ABC-IGNACIO CAMACHO
A la política educativa le sobran prejuicios ideológicos y le falta pensamiento estratégico. Lo pagaremos
POR más que hasta el neoliberalismo más esencialista haya asumido ya el Estado del bienestar como un fundamento del orden europeo, el sedicente progresismo español continúa considerándolo como su particular predio. En materia de educación y sanidad, en concreto, no admite ninguna reforma bajo otra pauta que su propio criterio. Cuando está en la oposición exige consenso, pero en cuanto llega al poder impone sus métodos por mayoría o por decreto. En el ámbito pedagógico, la izquierda se siente autorizada para decidir lo que es o no es moderno, que en general suele consistir en invadir de prejuicios ideológicos los colegios y en desmantelar cualquier ordenamiento que la derecha haya podido articular al respecto. Por eso llevamos siete leyes educativas en democracia, a una por quinquenio, contando la de Villar Palasí que, aunque promulgada al final de la dictadura, rigió en la Transición durante un cierto tiempo. Y dos de ellas, una de UCD (Suárez) y otra del PP (Aznar), nunca llegaron a entrar en funcionamiento. La octava norma ya está en proceso cuando la séptima, la Lomce de Rajoy-Wert, apenas ha alcanzado su desarrollo completo. Y como era previsible, este Gobierno pretende aprobarla sin plantearse siquiera un pacto de gran espectro. Los socialistas no discuten sobre su modelo.

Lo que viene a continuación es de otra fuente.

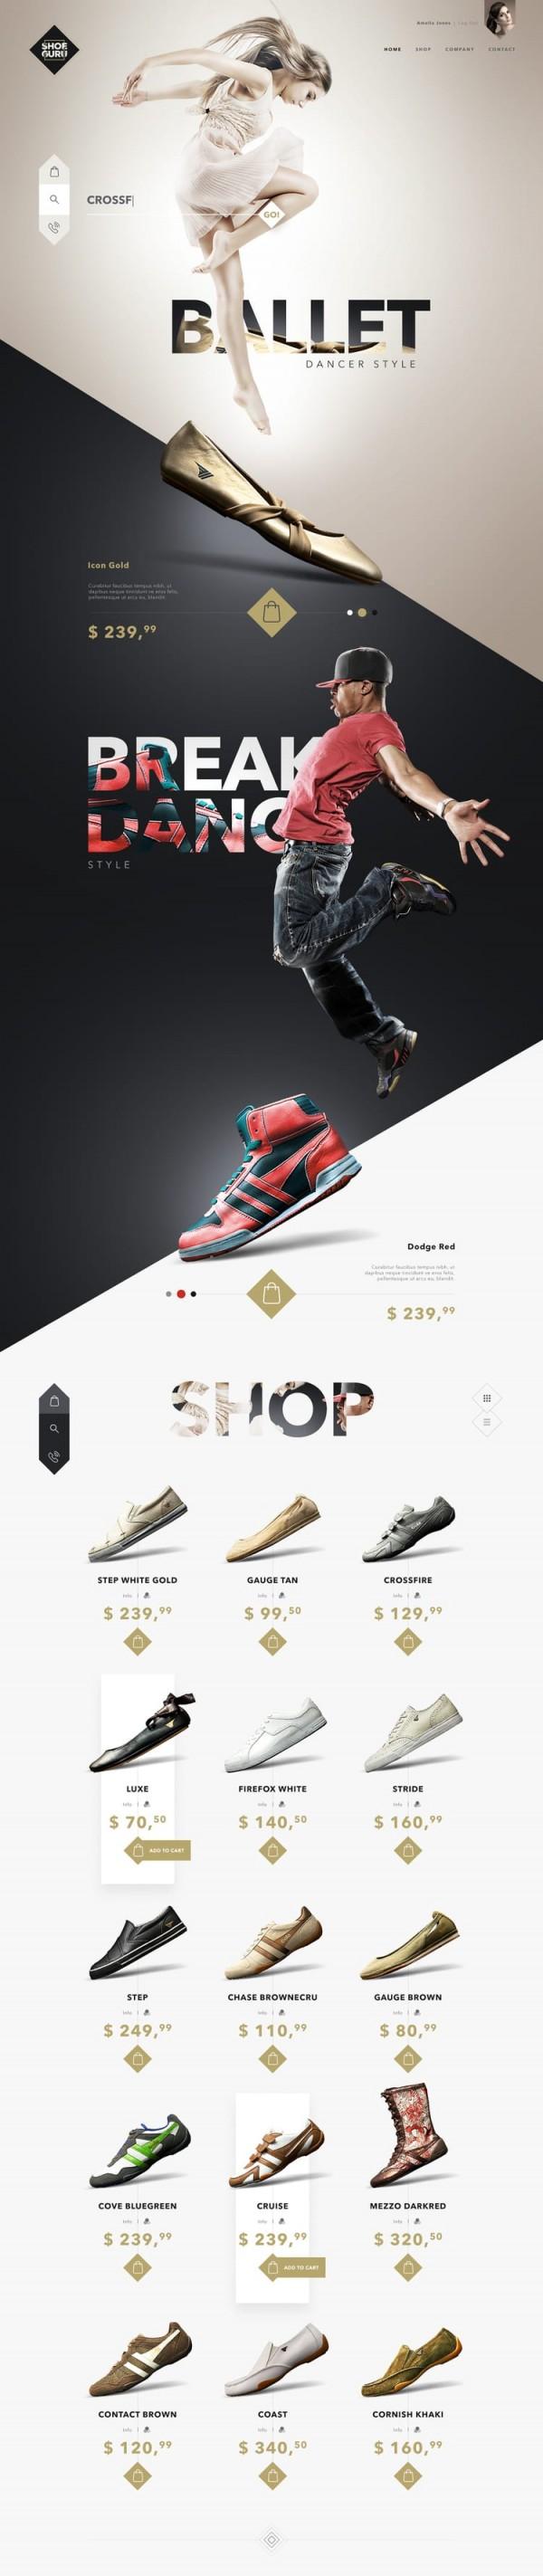 shoe-guru-shop-on-behance-14642631098gn4k-770x3653

En realidad no sería demasiado difícil alcanzar un acuerdo transversal sobre aspectos estrictamente técnicos o prácticos: los contenidos formativos, el desarrollo igualitario, la lucha contra el fracaso escolar, la formación profesional o la evaluación del profesorado. El problema es de orden político y simbólico, de los principios que determinan que se note quién está al mando. Ahí no cabe negociación posible porque la izquierda no permite a nadie la entrada en su territorio acotado y porque el nacionalismo vigila el blindaje de su hegemonía lingüística y su sesgo didáctico. Que los debates de tono más alto sean siempre el de la asignatura de Religión, el de la lengua vehicular o el de los centros concertados indica hasta qué punto la cuestión primordial está desenfocada por tabúes doctrinarios. No hay modo de centrarse en lo importante, que es la preparación del alumnado para desenvolverse en una sociedad global que penaliza el retraso. Ni siquiera hemos sido capaces de sacar partido a la formidable herramienta de competitividad que representa el castellano como idioma franco.
El gran déficit de país de España es la ausencia general de pensamiento estratégico. La élite dirigente vive ofuscada con ardor extremo en asuntos perfectamente superfluos. El combustible más potente de la actividad pública es el rencor, el antagonismo, el resentimiento; una paralizante, irresponsable obsesión histórica por desandar lo andado y deshacer lo hecho. Así nos luce el pelo. El futuro, que es de lo que trata la educación, nos pillará discutiendo. Lo pagaremos.